We use gradient descent to update B0 and B1. For each data point:

        1. Predict y with the current B0 and B1.
        2. Calculate the error: error = predicted y − real y.
        3. Update coefficients using these simple equations:

                                                            B0 = B0 − α · error
                                                            
                                                            B1 = B1 − α · error · x − α · λ · B1

                    Here, α is the step size (e.g., 0.01), λ is the penalty strength (e.g., 0.1), and the term α · λ · B1 shrinks B1.


### ✅2.1 Ridge Regression Example
  Start with B0 = 0, B1 = 0, α = 0.01, λ = 0.1. For the first data point (x = 1, y = 1):
  
                 • Predict: y = 0 + 0 · 1 
                              = 0
                 
                 • Error: error = 0 − 1 
                                = −1
                 
                 • Update B0: B0 = 0 − 0.01 · (−1) 
                                 = 0.01
                 
                 • Update B1: B1 = 0 − 0.01 · (−1) · 1 − 0.01 · 0.1 · 0 
                                 = 0.01
  We repeat this for all 5 data points, then do 4 more rounds (4 epochs, 20 iterations total). After 20 iterations, we might get B0 ≈ 0.23, B1 ≈ 0.78.  
---
---
### ✅3 Lasso Regression
Lasso Regression also uses y = B0 + B1 · x, but its penalty can make B1 exactly zero, which is useful if some inputs don’t matter. The penalty pushes B1 toward zero with a fixed nudge. The update equations are:

                                                            B0 = B0 − α · error

                                                            B1 = B1 − α · error · x − α · λ
                                                
                                                The α · λ term is a constant push to make B1 smaller.
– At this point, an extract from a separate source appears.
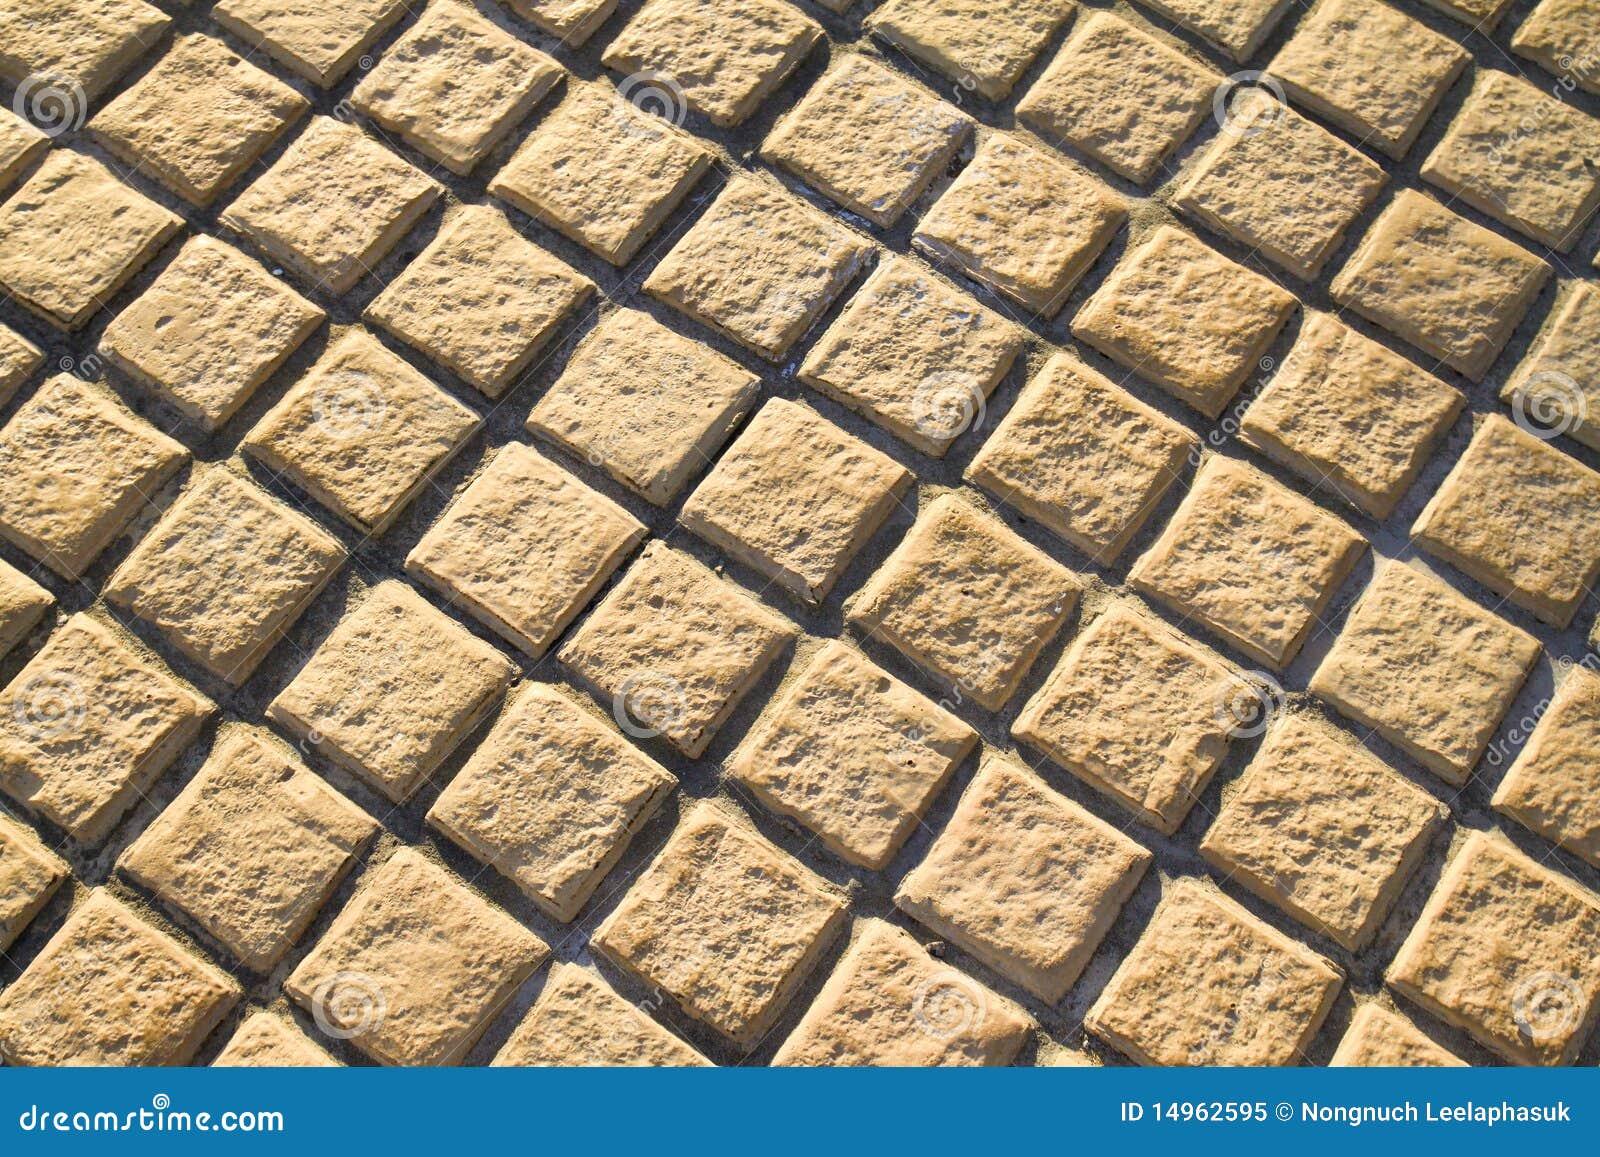 ladrillo pavimento suelo

### ✅3.1 Lasso Regression Example
    Using B0 = 0, B1 = 0, α = 0.01, λ = 0.1, for the first data point (x = 1, y = 1):
    
                • Predict: y = 0
                
                • Error: error = 0 − 1 
                               = −1
                
                • Update B0: B0 = 0 − 0.01 · (−1) 
                                = 0.01
                
                • Update B1: B1 = 0 − 0.01 · (−1) · 1 − 0.01 · 0.1 
                                = 0.01 − 0.001 
                                = 0.009
After 20 iterations, we might get B0 ≈ 0.23, B1 ≈ 0.77, slightly smaller than Ridge.                                               
---

---

### ✅4 Elastic Net Regression
    Elastic Net combines Ridge and Lasso penalties. It shrinks B1 like Ridge and pushes it toward zero like Lasso. The update equations are:

                                                        B0 = B0 − α · error
                                                        
                                                        B1 = B1 − α · error · x − α · λ1 − α · λ2 · B1
                                                        
                                Here, λ1 (e.g., 0.05) is the Lasso penalty, and λ2 (e.g., 0.05) is the Ridge penalty.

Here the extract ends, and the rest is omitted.